The acquisition will almost double the Smucker's market cap and make the company the leader in the coffee market. The Folger's brand takes in over $1 billion in sales annually, half of Smucker's total revenue. Smucker's has announced that the acquisition will add 9 percent to its earnings per share in 2009.
Trends and Forces
CompetitionSmucker's competes for retail shelf space with other food product producers, both branded and private label. There is no one company that competes with Smucker's in all the food products that it sells. Smucker's brand Jif is a leader in the peanut butter category, as is Crisco in oils and food shortening. Smucker's is confident in its ability to be a strong competitor because of its brand, high quality, varied offerings, innovations, and distribution network.[17] Other companies that compete with the JM Smucker Company in multi-market categories include Conagra, Kraft Foods, Inc, General Mills, Inc., and Unilever.
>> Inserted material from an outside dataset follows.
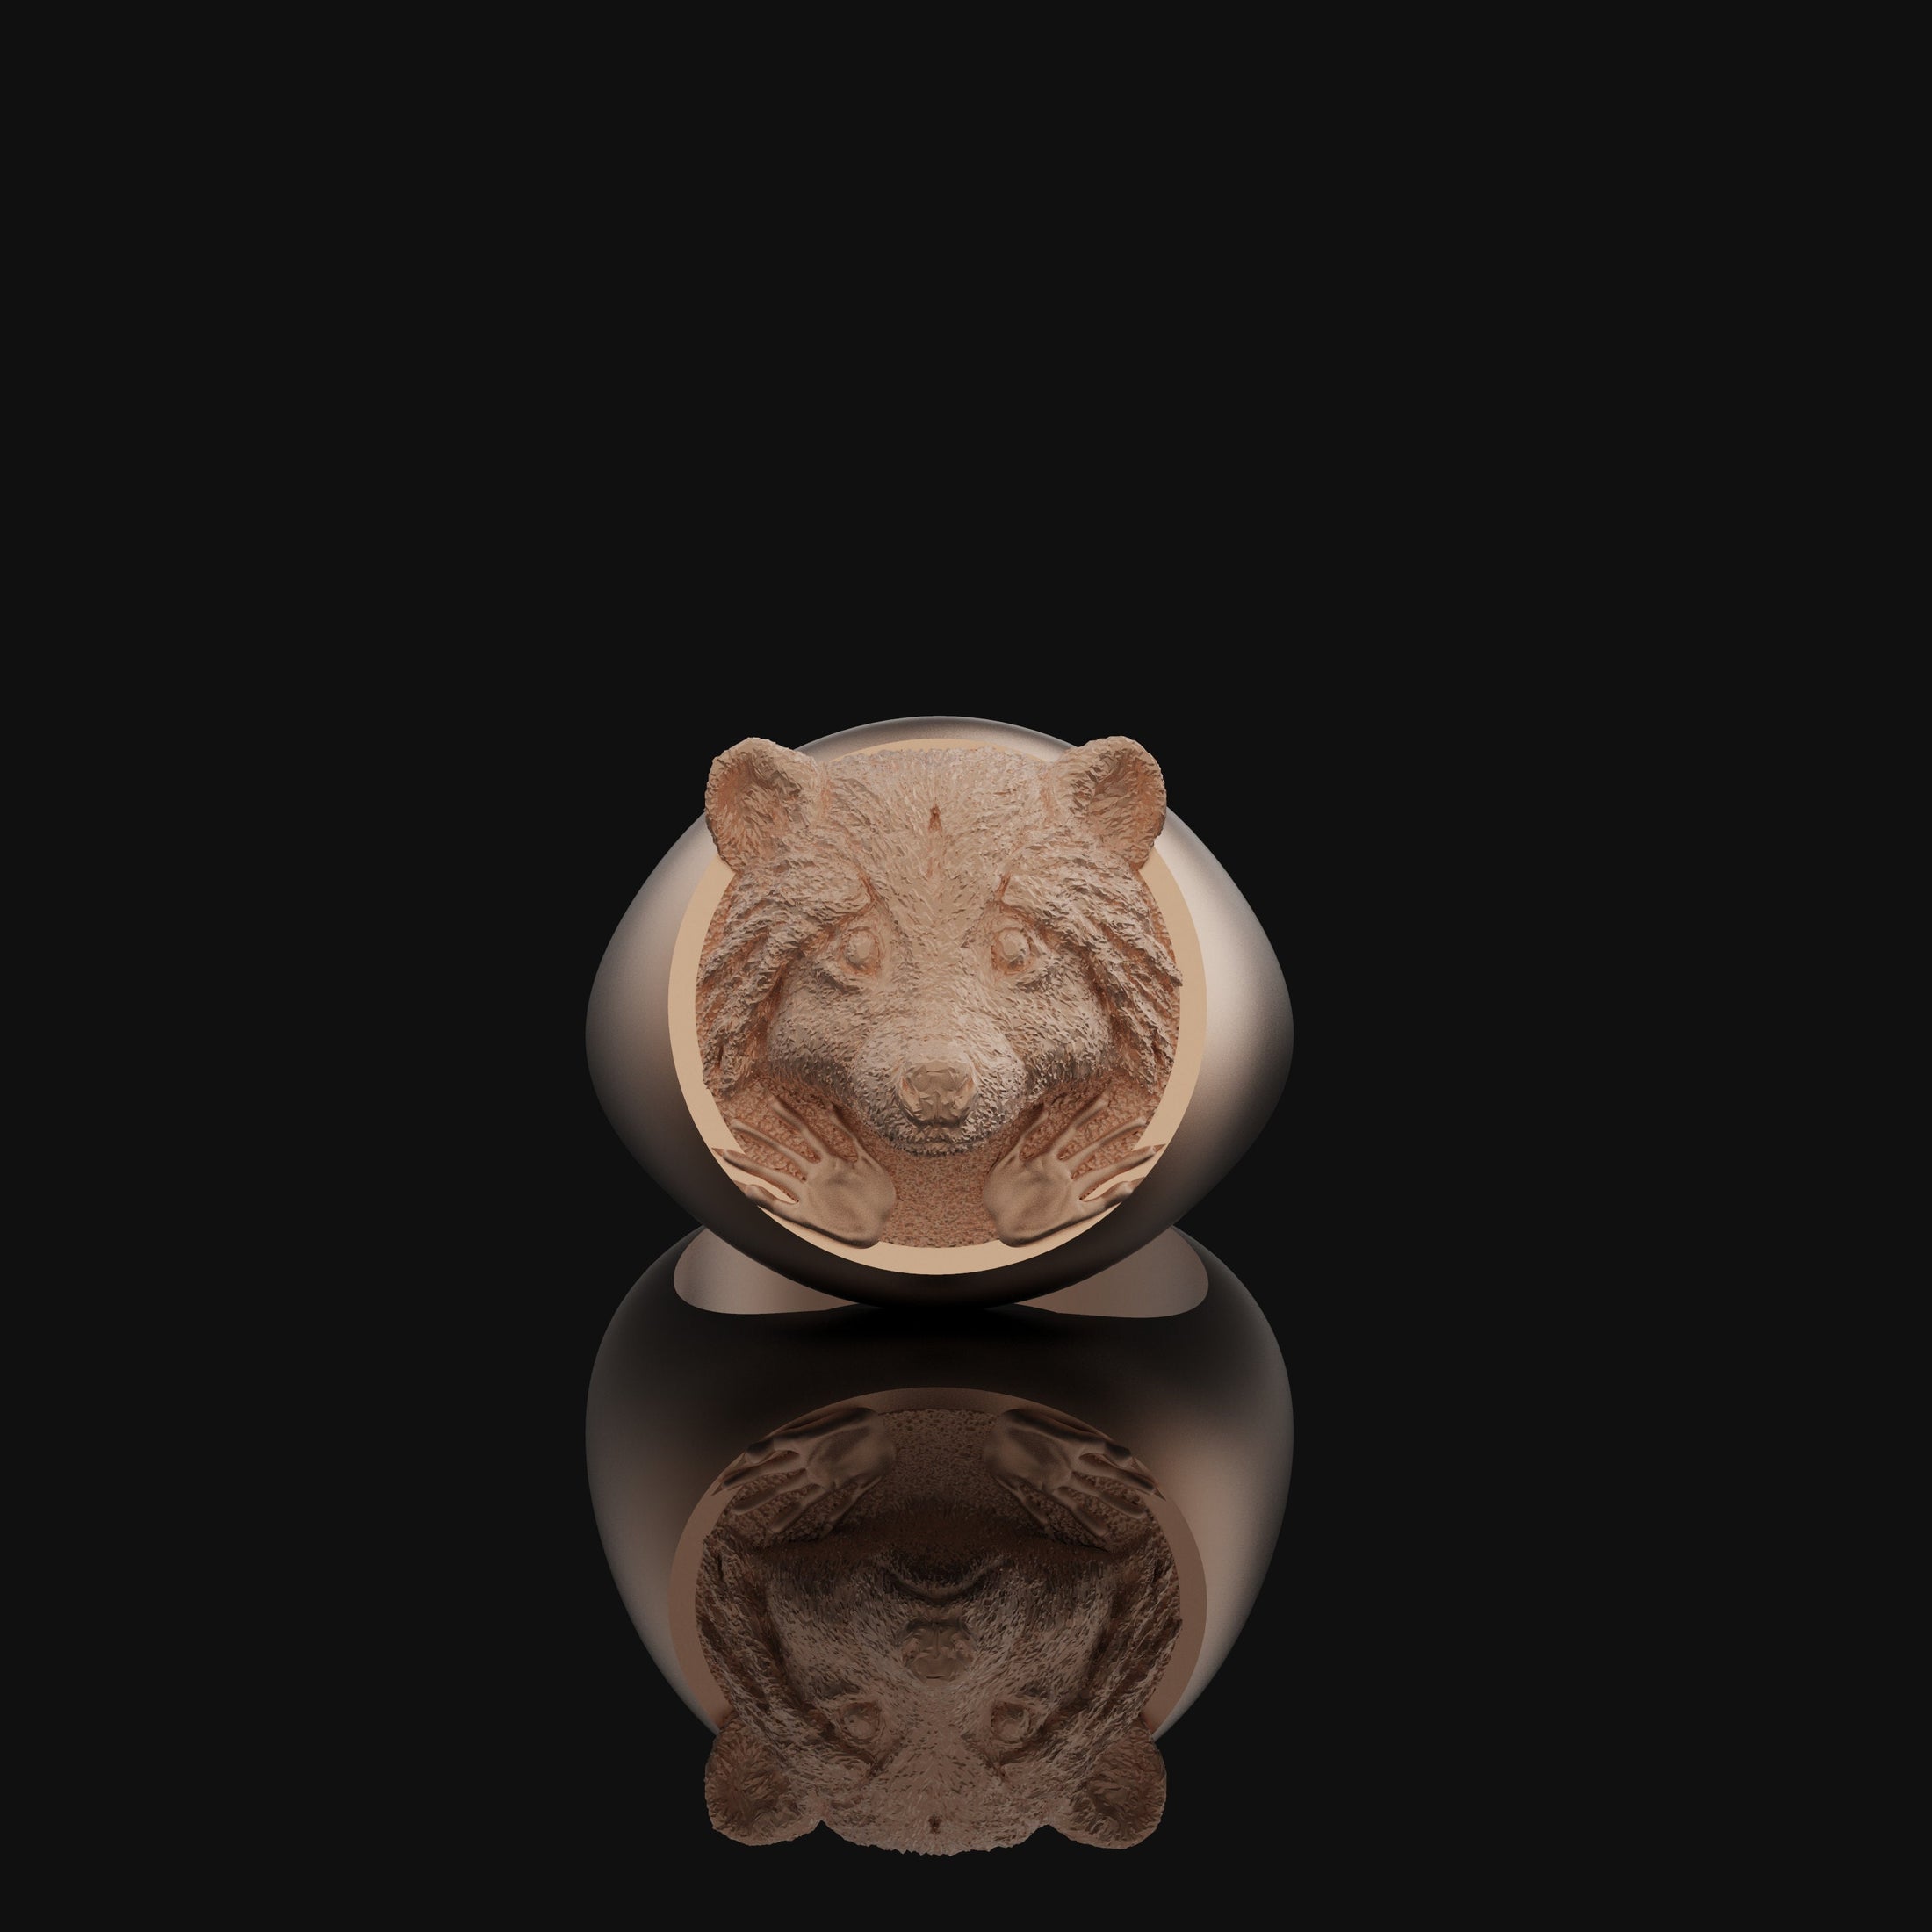 Silver Raccoon Ring, Charming Animal Jewelry, Unique Band for Nature Lovers, Playful Raccoon Design, Perfect Gift Idea Rose Gold - Matte

The table below compares a few metrics of these companies.
| Company Name[18] | TTM Revenue | 2007 Operating Margin | Market Cap | Famous Brands[19] |
|---|---|---|---|---|
| The J.M. Smucker Company | $2.1 billion | 12.0% | $3.1 billion | Jif, Smucker's, Crisco |
| Conagra Foods (CAG) | $12.0 billion | 8.4% | $12.6 billion | Chef Boyardee, Slim Jim, Hebrew National |
| Kraft Foods (KFT) | $35.4 billion | 13.2% | $54 billion | Jell-O, Kool-aid, Kraft cheese |
| General Mills (GIS) | $12.4 billion | 16.5% | $18.6 billion | Yoplait, Honey Nut Cheerios, Pillsbury |
| Unilever (UL) | $49.6 billion | 13.6% | $166.0 billion | Skippy, Knorr, Ben and Jerry's |
Another potential source of competition for Smucker's is private labels . These are private brands owned and used by retailers, such as Wal-Mart. A rise in private labels will hurt Smucker's business in the U.S.; Smucker's would be competing with not only companies like ConAgra, but the very retailers it sells its products to. Additionally, the natural foods boom has flooded the market with new small businesses and their organic products. As Smucker's tries to gain a foothold in this market, it must compete with these smaller labels. Smucker's also must deal with the increasing market share of Whole Foods Market and Trader Joe's, companies which focus on natural and organic products and which aim to draw more customers away from conventional grocery stores.